In the five-year interval IQ, information processing and attention of patients and controls remained constant. At both assessment times the IQ scores were significantly lower in patients compared to controls. Older adult patients (> 32 years) showed poorer information processing and attention at both assessment times compared to young adult patients (< 32 years) and controls. IQ, information processing and attention showed no correlation to imaging results but were significantly correlated to blood phenylalanine (Phe) levels in patients' childhood and adolescence, and Phe levels had been higher in the adolescent years of older adult patients.

Conclusions

Cognitive performance in adult patients with early-treated PKU does not seem to be subject to deterioration observable in a five-year interval. Neuropsychological assessment in adults with PKU revealed neurocognitive impairment particularly in older adult patients. This seems to refer to an early relaxation of diet that was recommended when the older patients were adolescents. Results indicate a benefit of dietary control during adolescence in PKU.

Introduction

In patients with classical phenylketonuria (PKU) blood phenylalanine (Phe) levels under free nutrition are above 1.2 mmol/L leading to concomitantly elevated brain Phe levels [1], [2], [3], [4], [5]. Untreated PKU leads to severe mental and psychomotor retardation [6].

If a diet is initiated shortly after birth that is strictly Phe-reduced and supplemented with a Phe-free amino acid mixture, mental and psychomotor retardation can be prevented. However, in spite of strict and early dietary treatment, outcome in patients with PKU is suboptimal [7]. Patients show mild reduction of intelligence [8], [9], neuropsychological deficits [10], and cerebral white matter abnormalities [11], [12], [13]. Studies described reduced attention abilities, slow information processing and motor reaction time as well as changes in the frequency distribution of brain electrical activity [14], [15], [16]. Single adult patients developed severe neurological deterioration years after ending dietary treatment [17]. Some improvement was noticed after reintroducing a Phe-restricted diet [18]. Up to now, studies in adolescence and adulthood are missing, a shortcoming that is yielding divergent national recommendations for treatment of adolescent and adult patients [19], [20].

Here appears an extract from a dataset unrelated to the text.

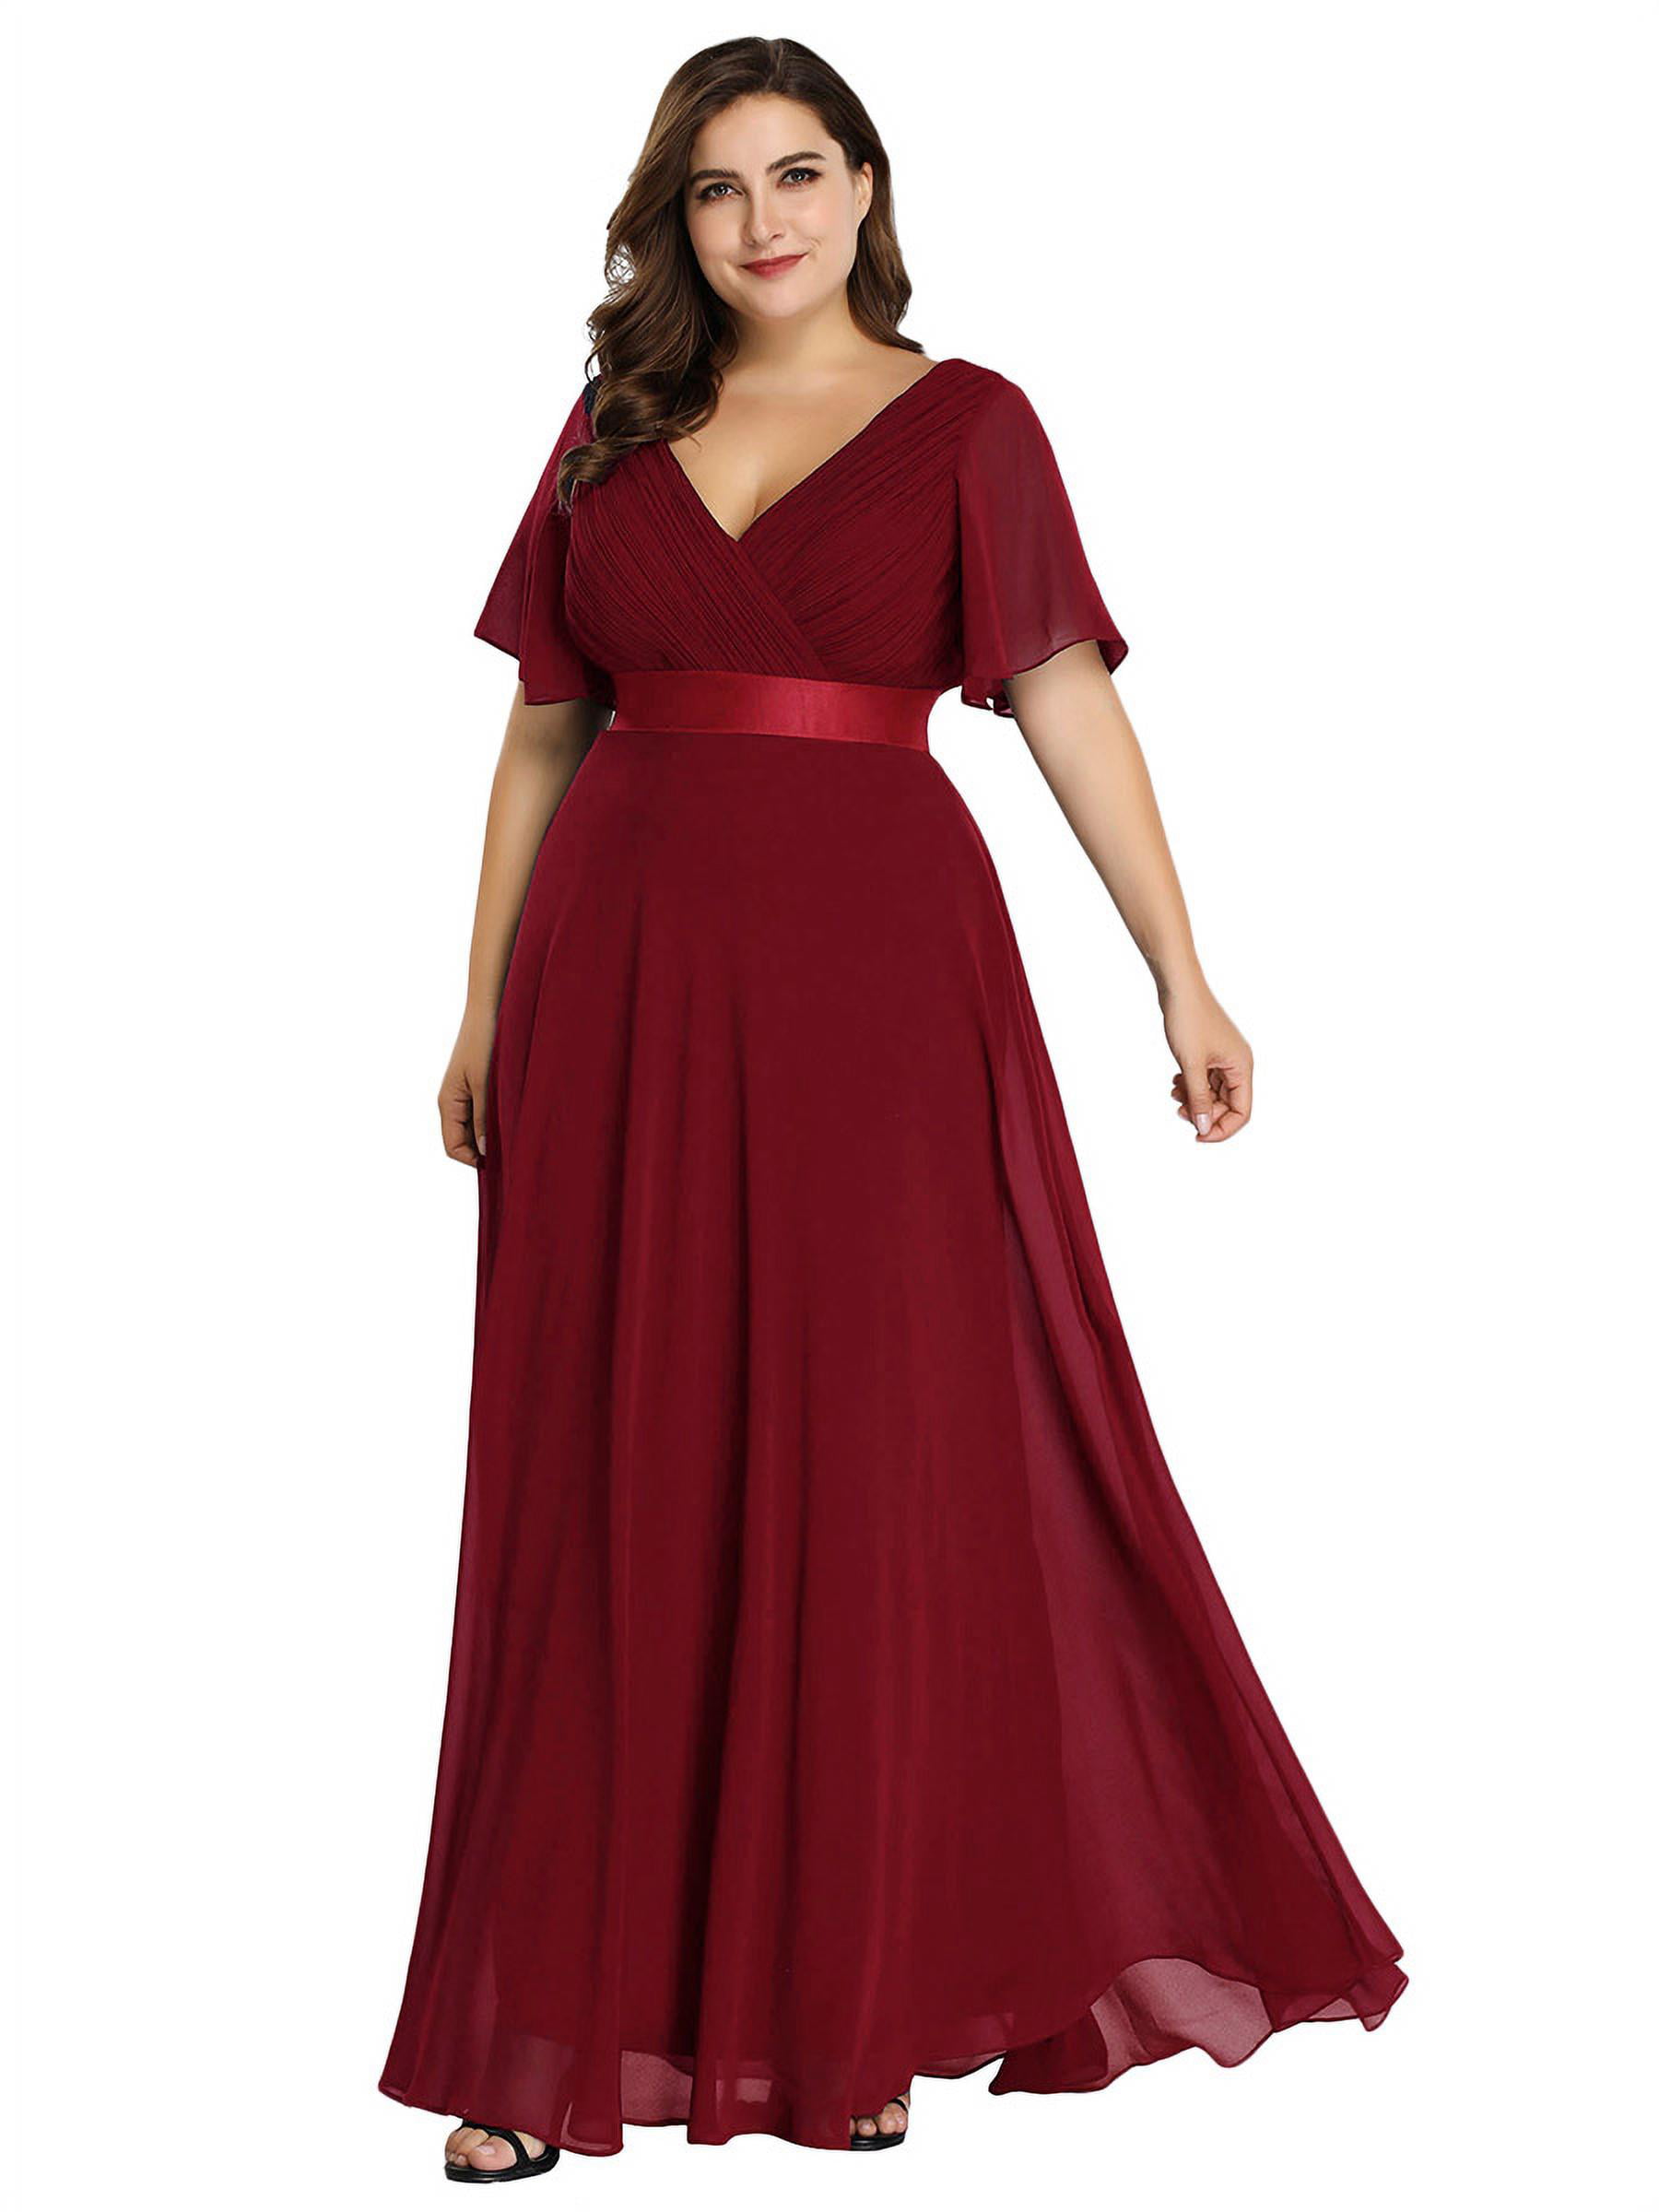 Burgundy Dress for Wedding Plus Size

The aims of our study were to examine the neurological status of adult early-treated patients with classical PKU in a long-term control-group design, and to assess cognitive, information-processing and attention abilities in order to detect possible consequences of long-term elevated blood Phe levels in adulthood.

Section snippets

Methods

We examined 57 early-treated adult patients (37 women, 20 men, mean 31.7 years, SD 5.9 years, range 19 to 41 years) with classical PKU who met the following criteria: start of diet within the first 10 weeks of life (mean: 7.8 weeks., SD: 2.1 weeks), ten blood-Phe-measurements per year up to the age of 10 years at a minimum, eight blood-Phe-measurements per year between the 11th and the 20th year of life at a minimum, and six blood-Phe-measurements per year at a minimum after the 20th year of life.

Magnetic resonance imaging

Magnetic resonance imaging studies were acquired on a 1.5-Tesla clinical imaging system (Gyroscan Intera, Philips, Best, The Netherlands). Axial PD- and T₂-weighted spin-echo images as well as coronal and sagittal T₁-weighted spin-echo images were acquired. The MRI scans were evaluated by a radiologist (JF) not involved in the clinical and psychological examination. In particular, they were graded according to severity and extent of white matter changes [12]. A normal scan was graded “0”;

Results

Patients reached a mean IQ that was within the normal range (100 ± 15) but significantly below the IQ of the healthy controls. As a group, patients did not need significantly more time to run through the trail making test (ZVT) and to complete the attention task (Test d2). Within the five year interval, the performance of patients and controls remained constant (Table 1).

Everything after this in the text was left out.